Even more striking, the report found that 40% of students who had an A average in high school were placed into remedial classes.

And while there is increasing evidence that remedial education courses act more as obstacles than gateways to graduation, the vast majority of colleges still adhere to that traditional model.

Still, Expectations Meet Reality: The Underprepared Student and Community College reveals that some colleges have shown significant improvement using models that could be fairly easily replicated and don’t require loads more money.

“There’s been a lot of innovation, and sometimes it comes across as though things

are really changing, but this report is really a reality check,” said Evelyn Waiwaiole, director of the Center for Community College Student Engagement at the University of Texas at Austin, which produced the report and released it last month.

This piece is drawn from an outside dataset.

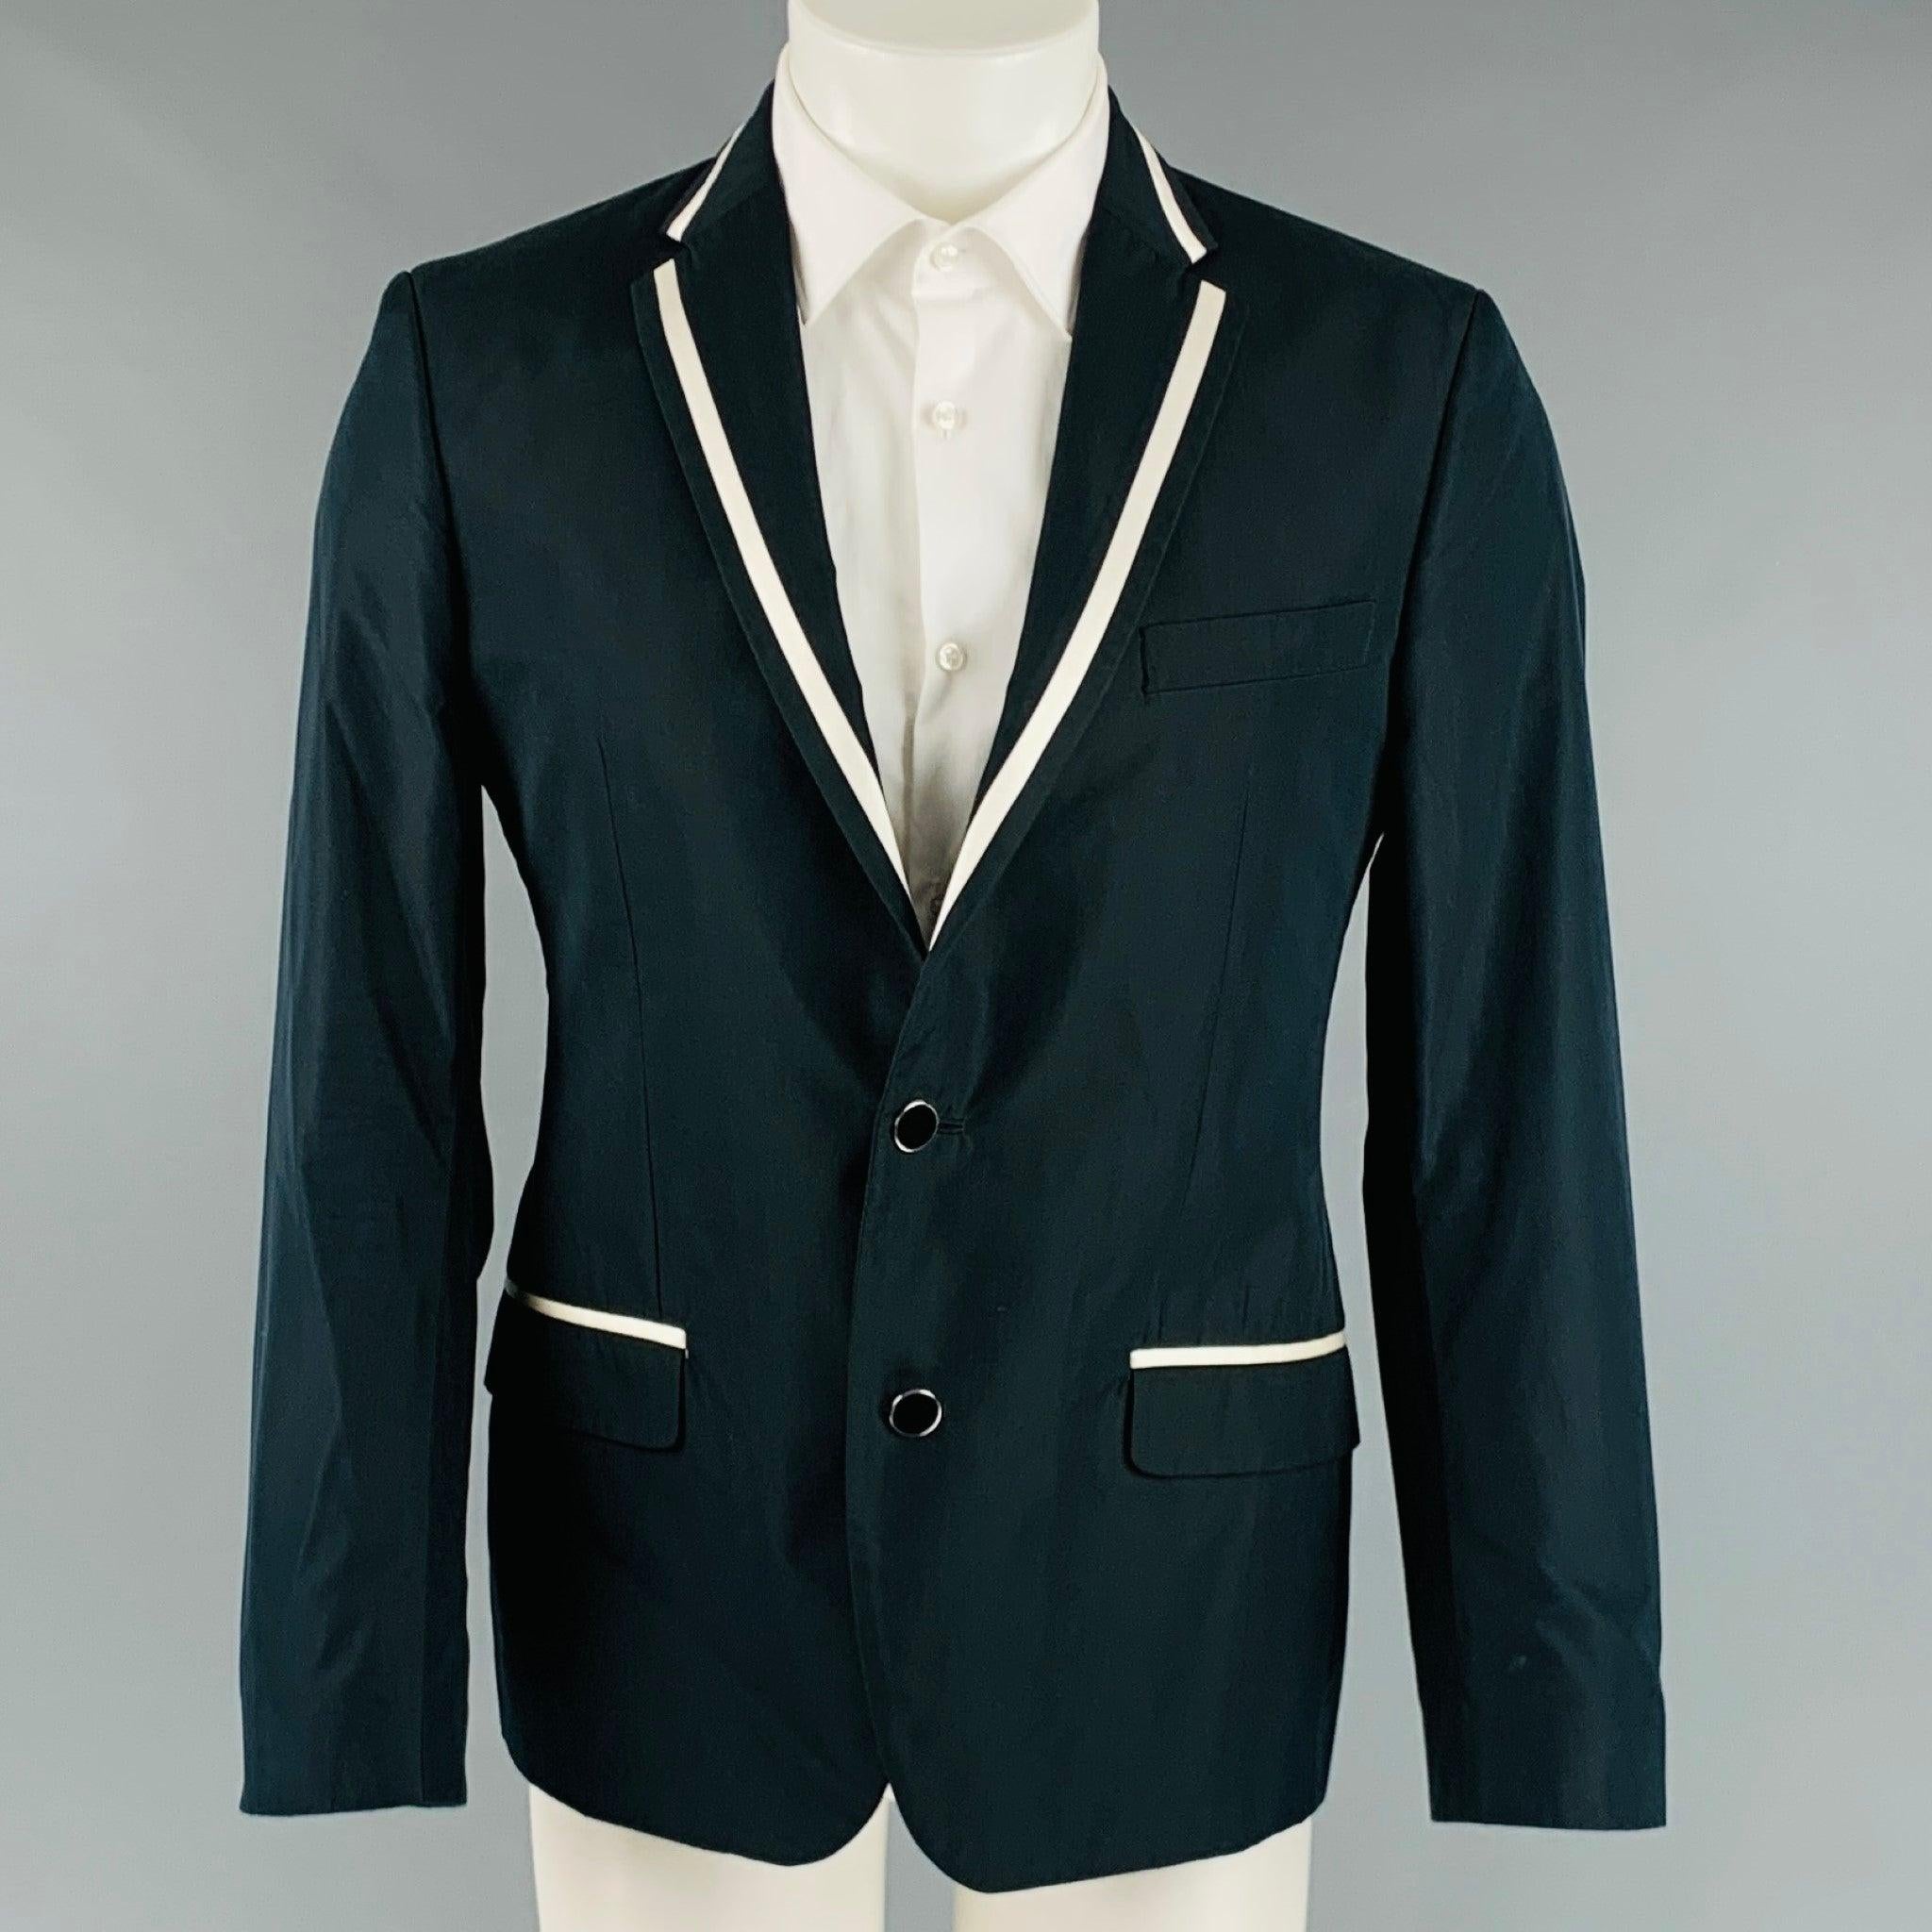 Le manteau sport D&G by DOLCE & GABBANA est réalisé en coton mélangé noir et blanc, avec une doublure intégrale. Il présente un revers à cran, des poches à rabat et une fermeture à double bouton. Fabriqué en Italie. Excellent état. 

Marqué :   50

Most students–86% of the 70,000 surveyed–believed they were prepared for college when they first enrolled. Nonetheless, 67% tested into “developmental education”–remedial courses that students are required to take before they can enter college classes. Students don’t earn credits for most developmental education classes, but they still have to pay for them. Developmental education classes often eat up the financial aid provided by federal Pell grants.

Students also seemed unaware of whether they were earning enough credits to graduate, the survey showed. While 76% of students believed they were on track to graduate on time, in fact only 39% of community college students earn any degree within six years.

That confusion could be due to a continuing lack of

counseling for a big chunk of students. Even though studies have shown the necessity of structured support for community college students, 56% of students said they had never met with an academic adviser who helped them to create a plan to reach their academic goals.

The report highlighted some places where reforms were helping. At some colleges, students were more likely to pass introductory English and math courses when high school GPA (rather than a test) was used to decide whether to put them into remedial courses.